The whole 30 diet was created in 2009, although it is more of a short-term reset to help curb cravings, boost metabolism, heal your digestive tract, and calm the immune system rather than a diet. Unlike most diets where the goal is to lose weight, the goal of The Whole 30 is to figure out how the foods you are eating are affecting you. There is no calorie counting or restriction. The Whole30 Program is laid out in two phases: 30 days of elimination, and 10 days of reintroduction. During the 30-day elimination you’ll be eating meat, seafood, and eggs; lots of vegetables and fruit; and natural, healthy fats. The goal is to eat foods with very few ingredients, all with pronounceable names, aiming to eat foods with no ingredient list, that are whole and unprocessed. Then after the 30 days, you will slowly reintroduce foods one at a time to see which ones affect your body negatively. There is also the rule that you cannot step on the scale or take any body measurements for 30 days, but it is encouraged to weigh yourself before and after so you can see the results the program had on you. The whole 30 has an overwhelming success rate with tons of people reporting it changing their lives by eliminating cravings, improving energy and sleep, improving allergies, anxiety, chronic pain, digestive issues, skin conditions; and losing weight healthfully and sustainably.

What you CAN eat:

  •  Moderate portions of meat, seafood, and eggs
  • Lots of vegetables
  • Some fruit
  • Plenty of natural fats(olive oil, avocado oil, etc..)
  • Herbs spices and seasoning(including salt)
  • Ghee or clarified butter
  • Fruit Juice
  • Certain Legumes(Green Beans, Sugar Snap Peas, and Snow peas)
  • Vinegar
  • Coconut Aminos

Foods to Avoid:

  • Added sugar natural or artificial( No Maple Syrup, honey, agave nectar, coconut sugar, date syrup, stevia, Splenda, Equal, Nutrasweet, xylitol)
  • Alcohol(even in cooking)
  • Grains-Wheat, barley, oats, corn, rice, millet, bulgar, sorghum, sprouted grains, and other gluten-free substitutes like quinoa, buckwheat, and amaranth.
  • Legumes-(except ones mentioned above in the CAN eat list)Beans of all kinds, peas, chickpeas, lentils, and peanuts. 
  • Soy-All soy products including tofu, soy sauce, edamame, and tempeh.
  • Dairy-This includes all dairy including yogurt and kefir.
  • Carageenan, MSG, or sulfites
  • Baked goods, Junk food, or treats with “Approved” Ingredients.

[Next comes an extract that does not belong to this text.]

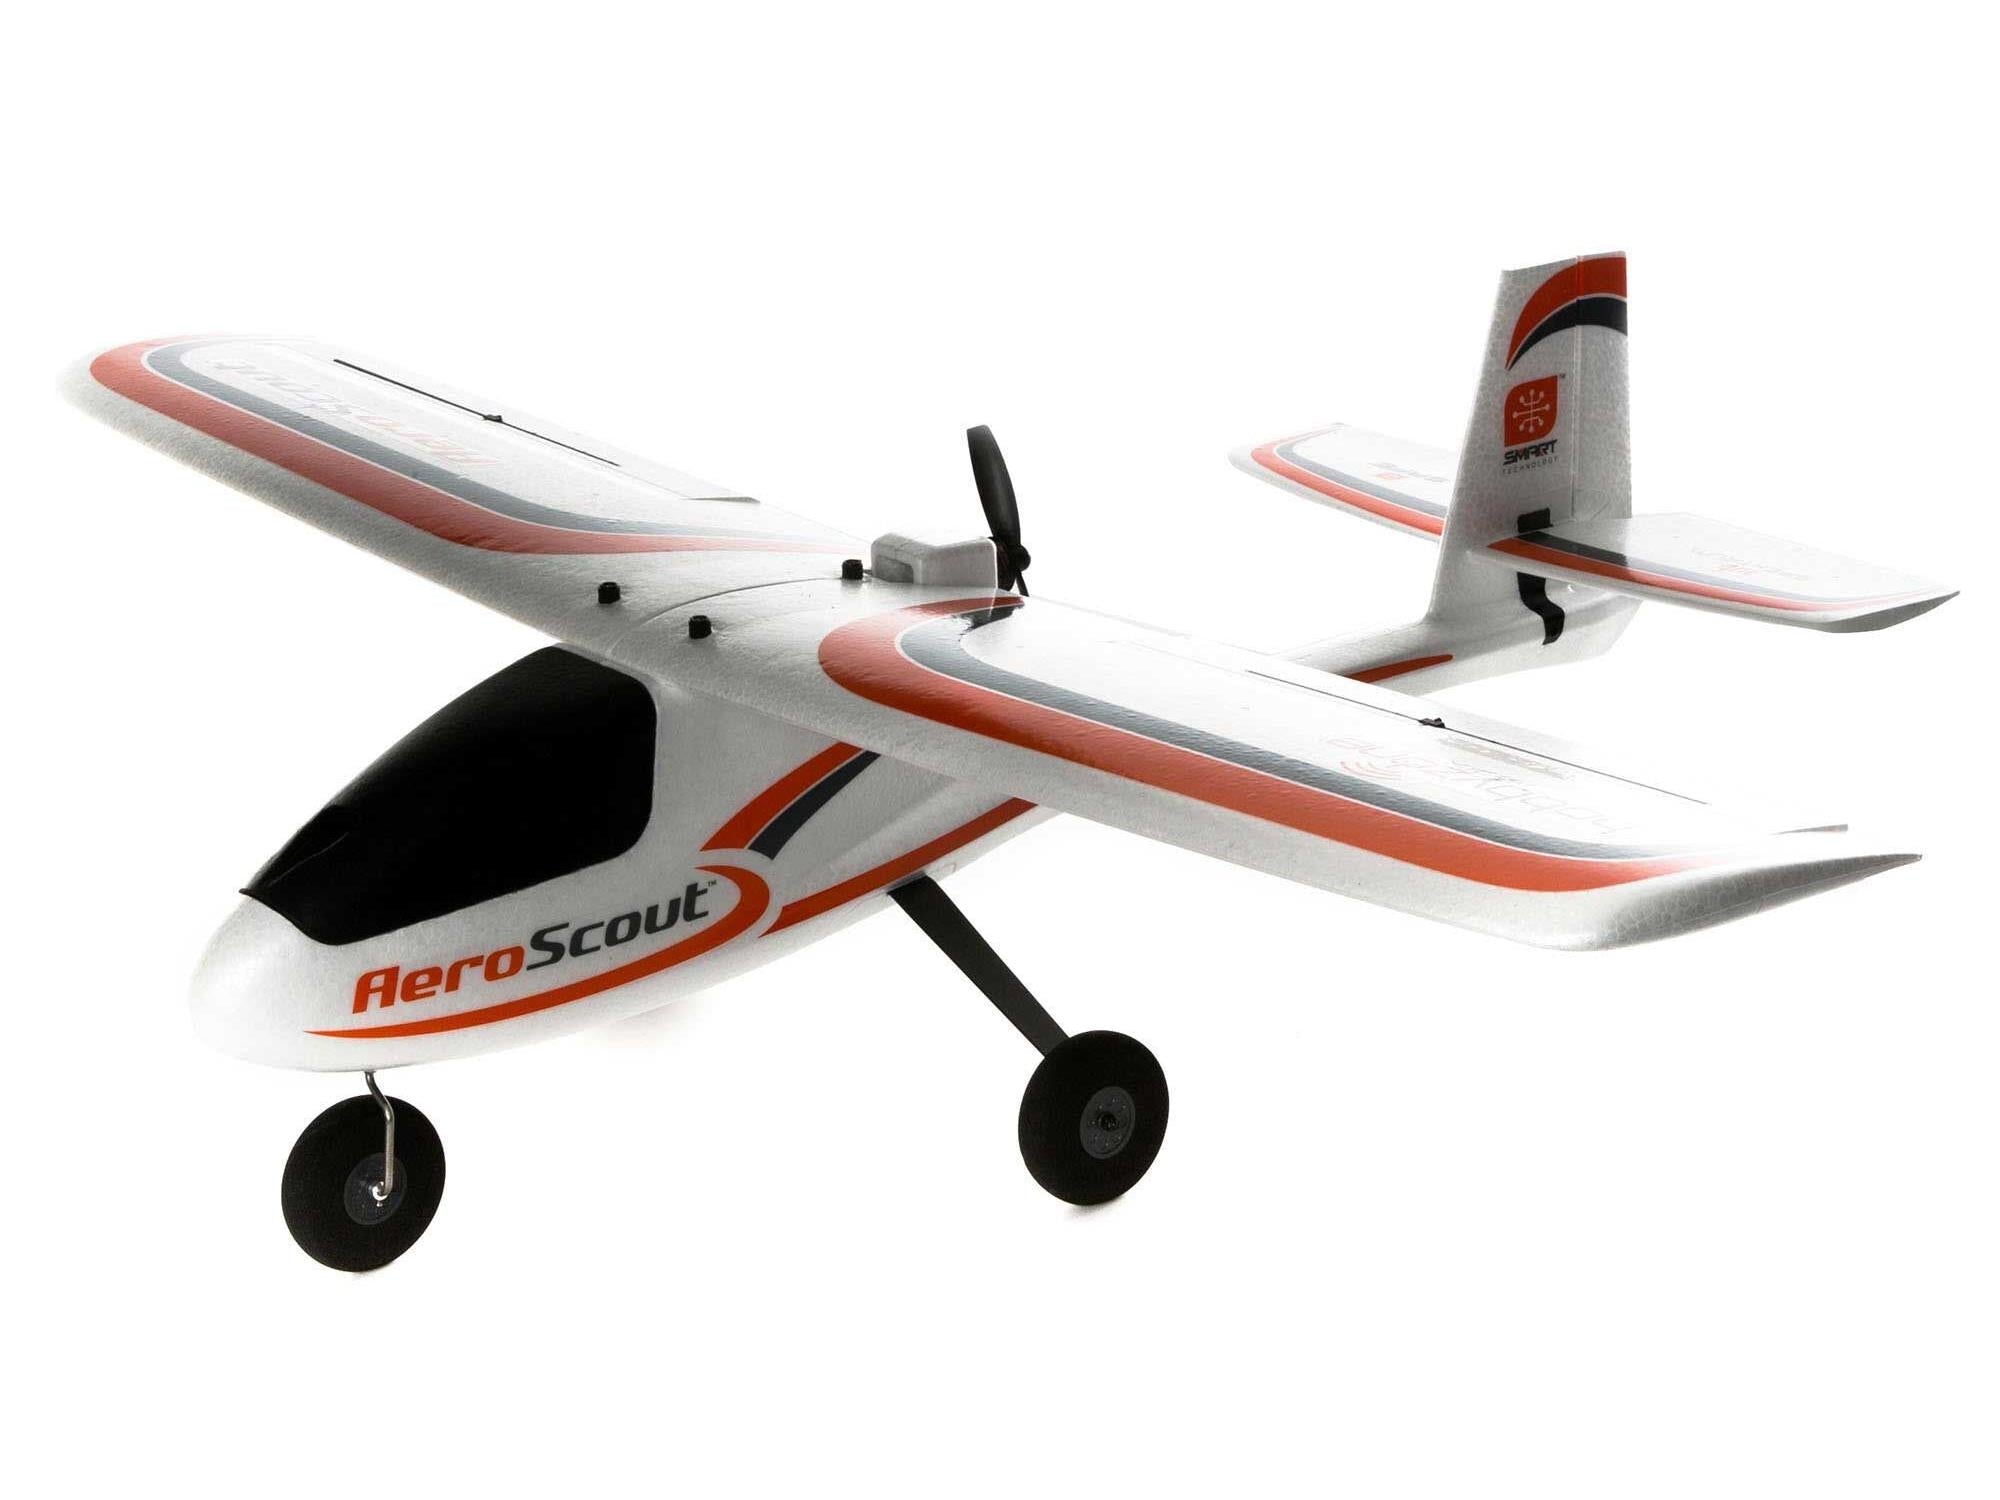 Hobbyzone AeroScout S 2 1.1m BNF Basic HBZ385001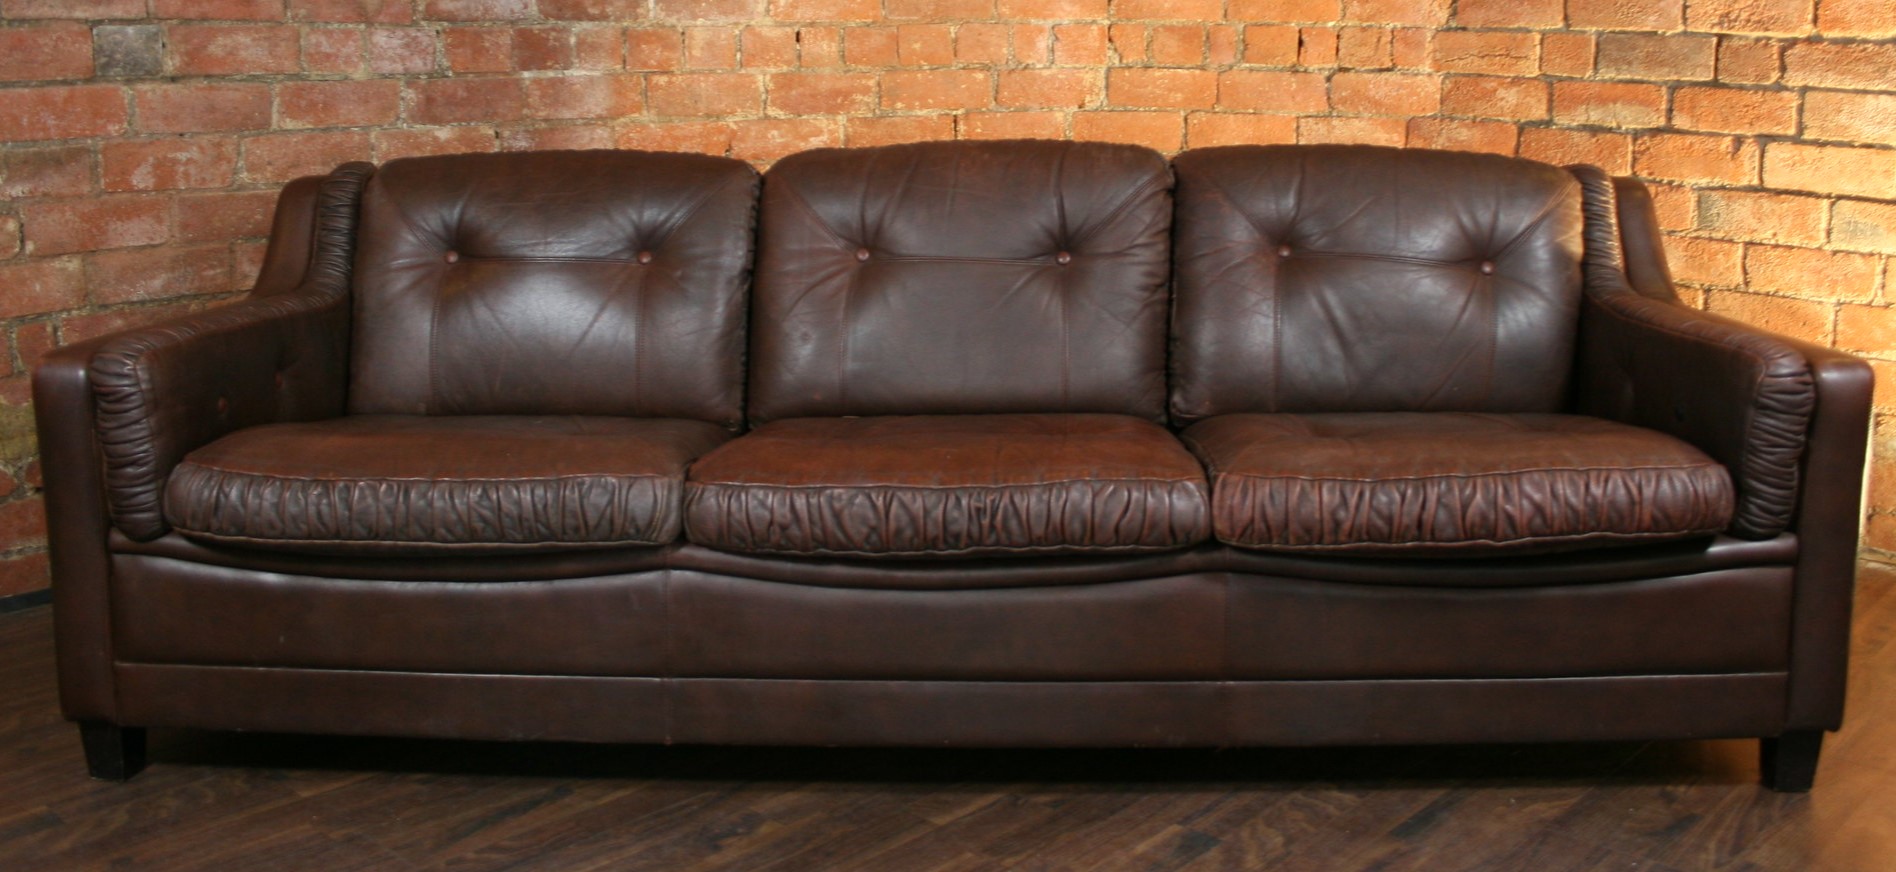 Темно-коричневый диван идеально дополнит интерьер в стиле лофт

The Whole 30 challenge is not going to be easy. You have to be disciplined and prepared for all situations. It takes commitment and planning but you can do anything for 30 days! The knowledge you will gain about your body and the things you put into it is worth all the hard work and sacrifice. Many people stay on The Whole 30 eating plan forever, and many just eliminate the foods they found that affected them negatively. There are a ton of resources to aid with your Whole 30 journey. You can visit their website for more information and tools to help you get started at There are numerous cookbooks, support groups, and social media pages. You got this!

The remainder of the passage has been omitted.